_Required work_
Nothing outside the range is to be copied. From the entries below, reproduce exactly the lines starting at the one with "Bushaltestelle, Altstädter Ring, Spandau, Berlin, Deutschland" and ending at the one with "Frozen 2 Elsa", without pictures.

_Extracted entries_
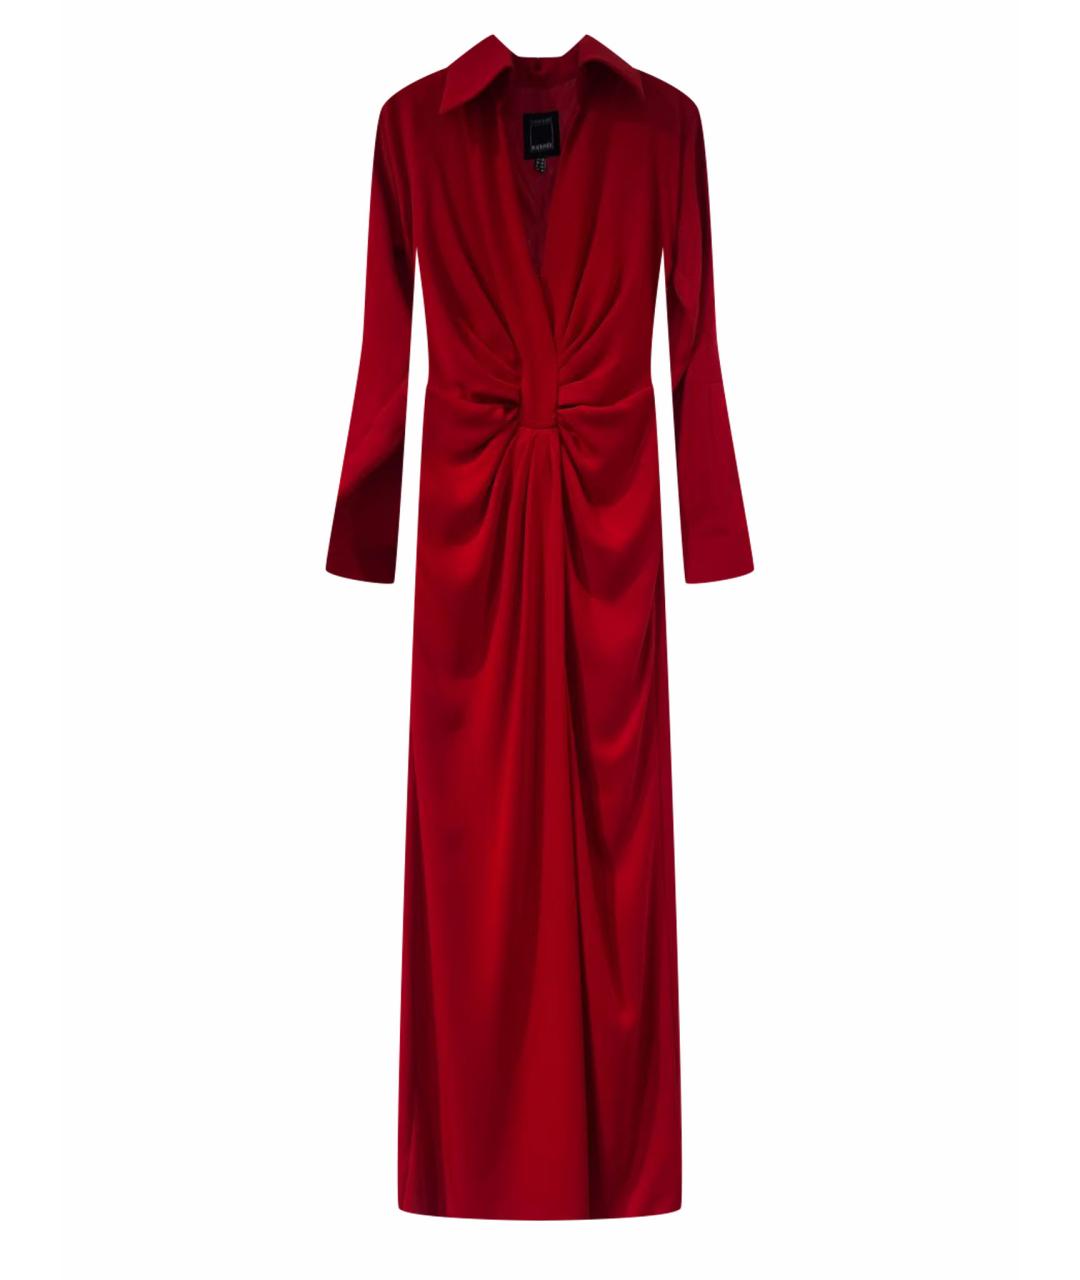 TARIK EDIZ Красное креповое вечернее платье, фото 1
==
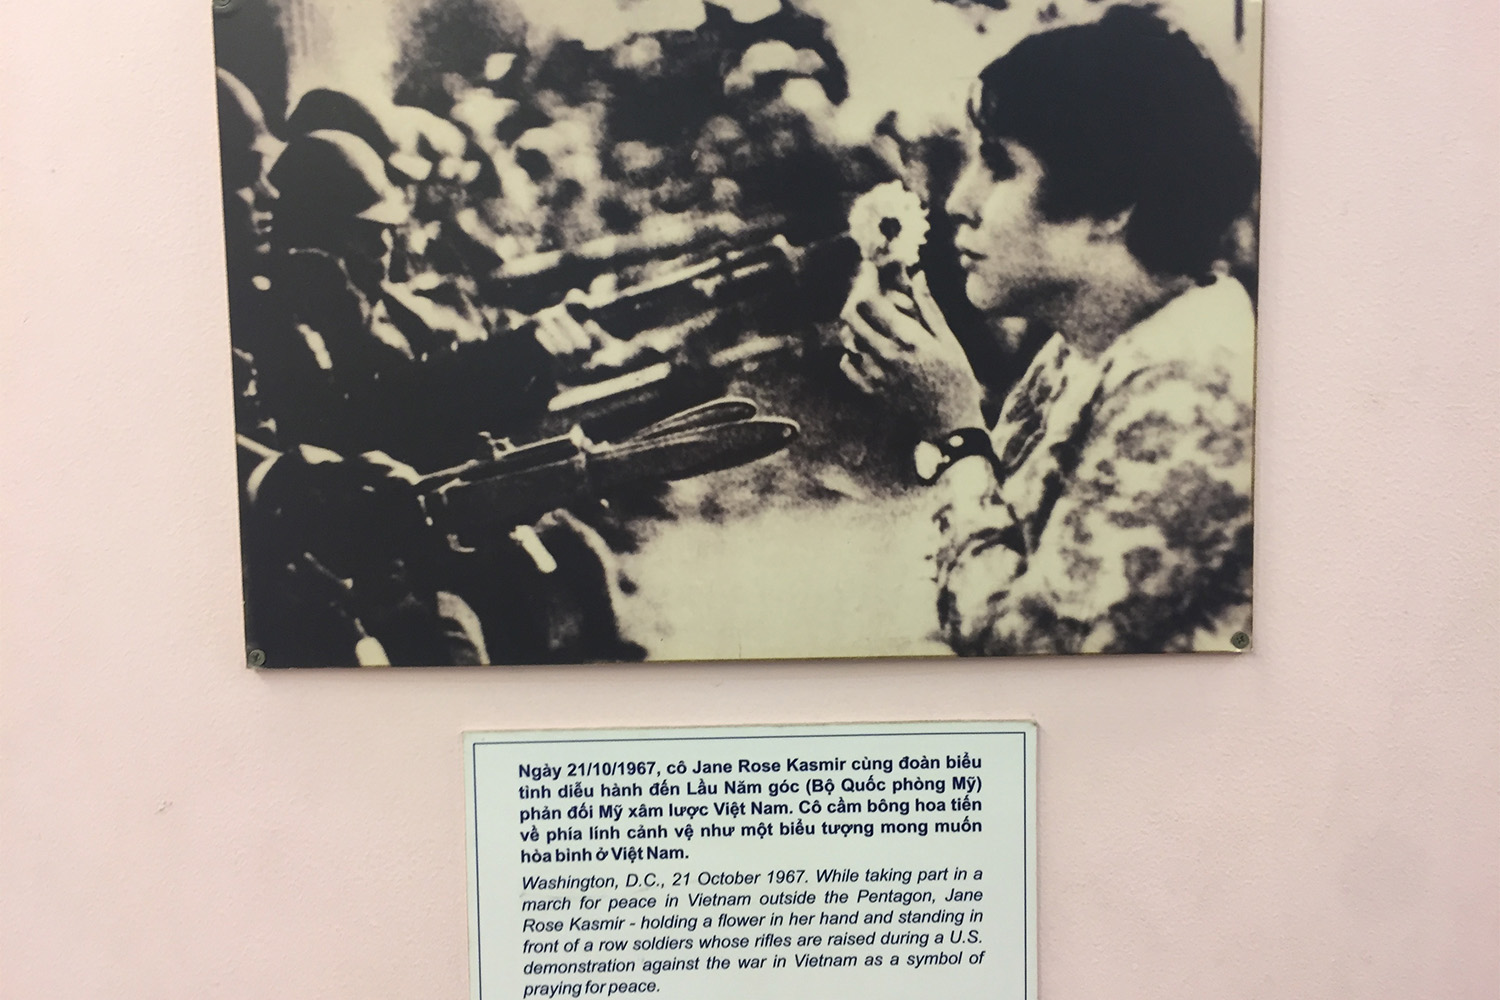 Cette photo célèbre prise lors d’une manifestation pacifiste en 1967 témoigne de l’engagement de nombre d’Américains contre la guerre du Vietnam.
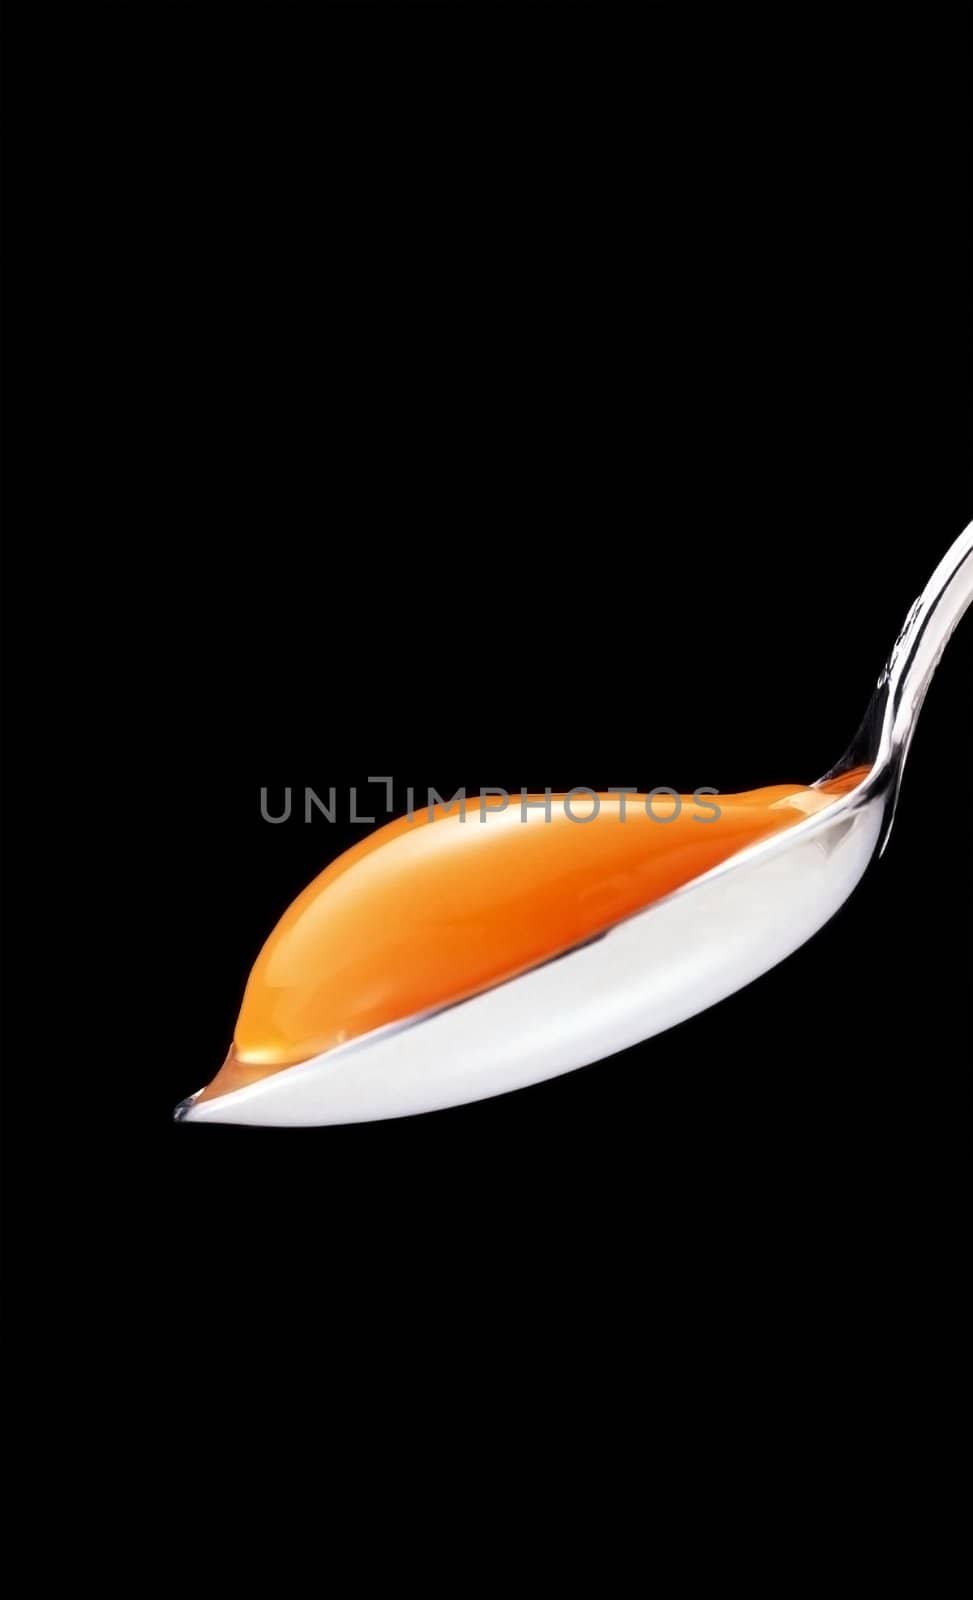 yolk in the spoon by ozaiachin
---
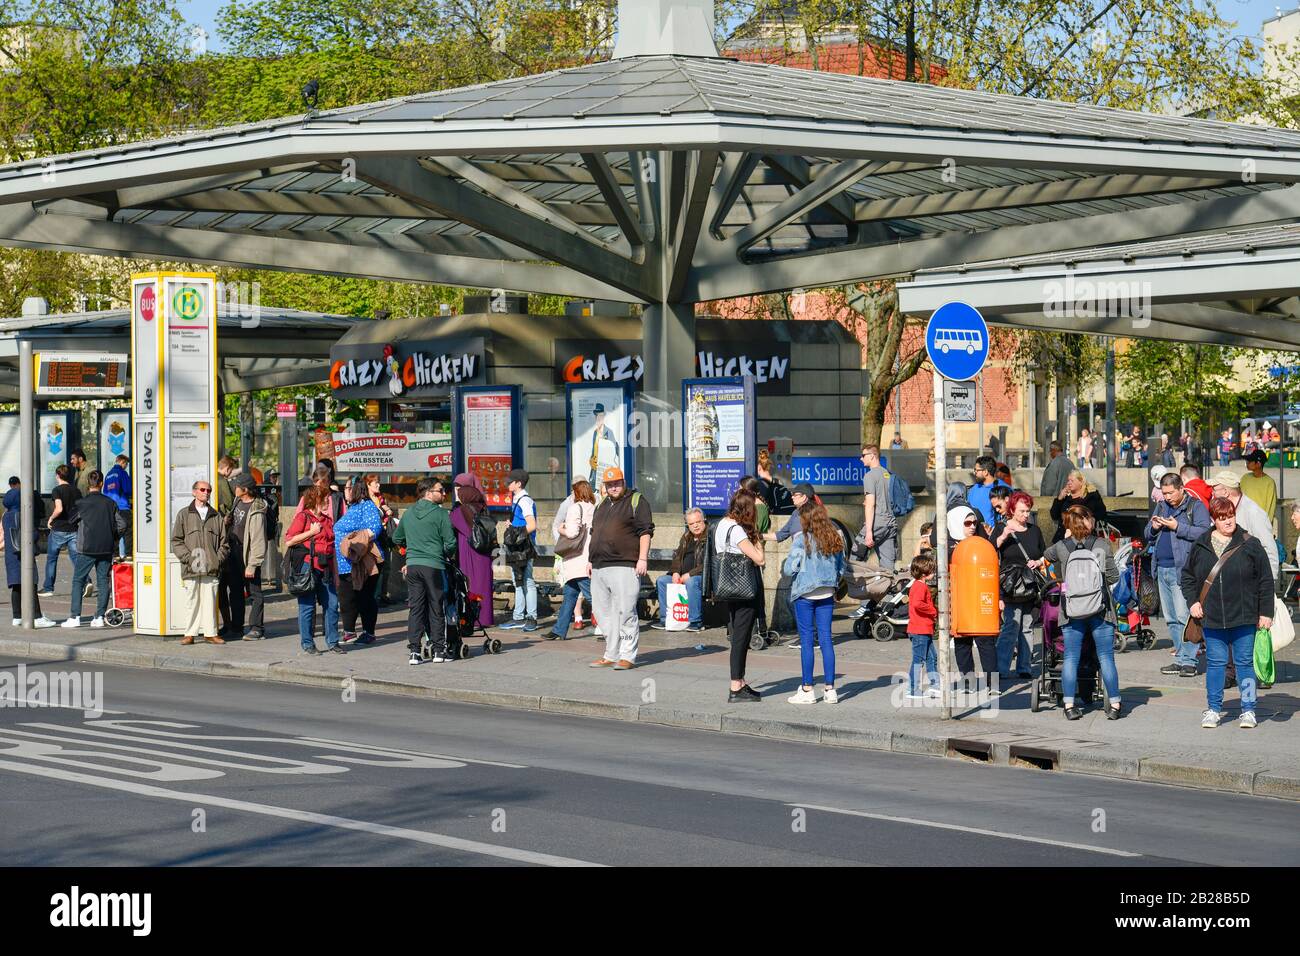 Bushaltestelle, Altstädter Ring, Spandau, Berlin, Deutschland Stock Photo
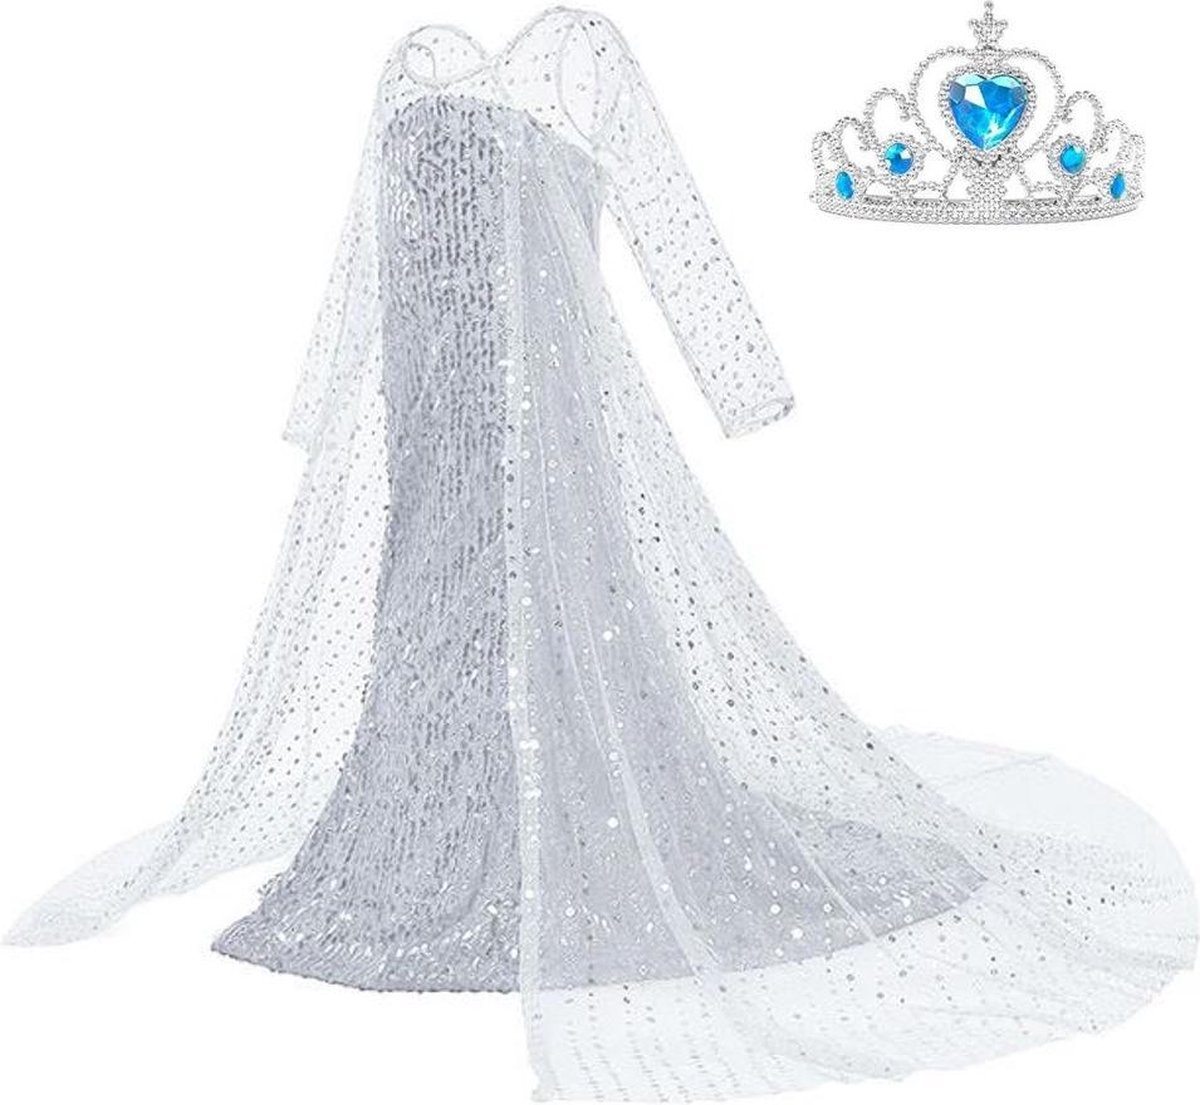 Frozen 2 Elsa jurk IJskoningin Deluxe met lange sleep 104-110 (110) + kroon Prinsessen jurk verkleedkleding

_Output_
 Bushaltestelle, Altstädter Ring, Spandau, Berlin, Deutschland Stock Photo
 Frozen 2 Elsa jurk IJskoningin Deluxe met lange sleep 104-110 (110) + kroon Prinsessen jurk verkleedkleding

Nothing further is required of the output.